Cyberpolices can also be a source of cover for biometric claims. Indeed, such information may be included among the types of data protected in the liability section of cyberpolicies. In this regard, a cyber policy could provide the broadest possible protection against biometric data privacy claims arising from regulatory actions and civil lawsuits where the underlying law grants a private right of action or privacy claims of employees.
Finally, there are three key exclusions policyholders should keep in mind. They are:
- Access or disclosure exclusion, which prohibits coverage of access or disclosure of confidential information or data.
- The ERP Exclusion, which relates to employment-related practices and prohibits coverage for claims arising from employment-related practices.
- Violation of the statutory exclusion, which prohibits coverage arising from the distribution of material in violation of the law.
Although there is little case law on these exclusions, some conclusions can be drawn.
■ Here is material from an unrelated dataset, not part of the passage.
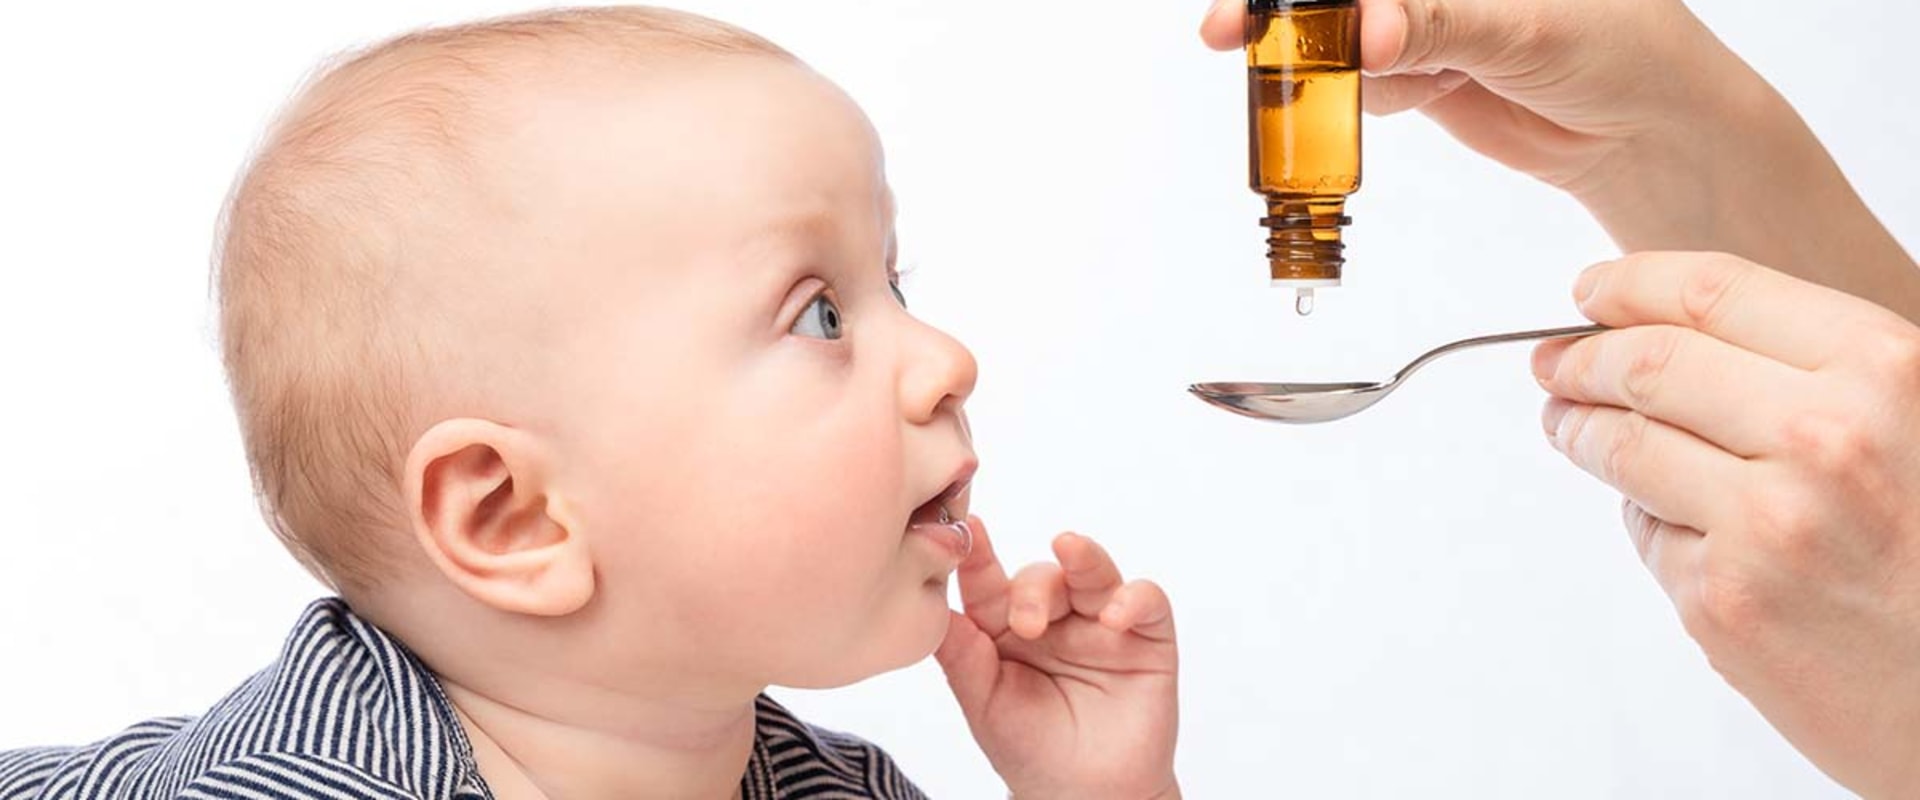 Are Supplements Safe to Take While Breastfeeding? - An Expert's Perspective

Excluding access or disclosure does not preclude prosecution coverage under BIPA A Mr. Family Mut. Ins. Co. v. Caramel, Inc., 2022 US Dist. 3475 (ND Ill. 2022). Compare: Massachusetts Bay Ins. Co. v. Impact Fulfillment Servs., LLC, 2021 US Dist. LEXIS 182970 (MDNC 2021) (Recording and distribution of material or information is excluded from coverage for lawsuits under BIPA).
The ERP exclusion does not prevent coverage of the BIPA share. A Mr. Family Mut. Ins. Co. vs. Carnagio Ent., 2022 US Dist. LEXIS 58358 (ND Ill. 2022); Auto Mut. Ins. Co. vs. Tony’s Finer Foods between., 2022 US Dist. LEXIS 40567 (ND Ill. 2022)
But in the absence of a decision from the Illinois Supreme Court regarding the applicability of this exclusion, there is a division of authority. See A Mr. Family Mut. Ins. Co. v. Caremel, Inc., sat the top. (determining that the exclusion of the ERP precluded BIPA’s claim arising from the plaintiff’s employment activities).
Violation of the statue exclusion does not preclude BIPA lawsuit coverage. AM Family Mut. Ins. Co. v. Caremel, Inc., sat the top ; West Bend Mut. Ins. Co. v. Krishna Schaumburg Tan, Inc.., above ; Citizens Ins. Co. and AM Family Mut. Ins. Co. v. Wynndalco Ent., LLC, 2022 US Dist. LEXIS 57654 (NDIll 2022) (because this exclusion is “inextricably ambiguous”, it did not override the insurer’s duty of defence).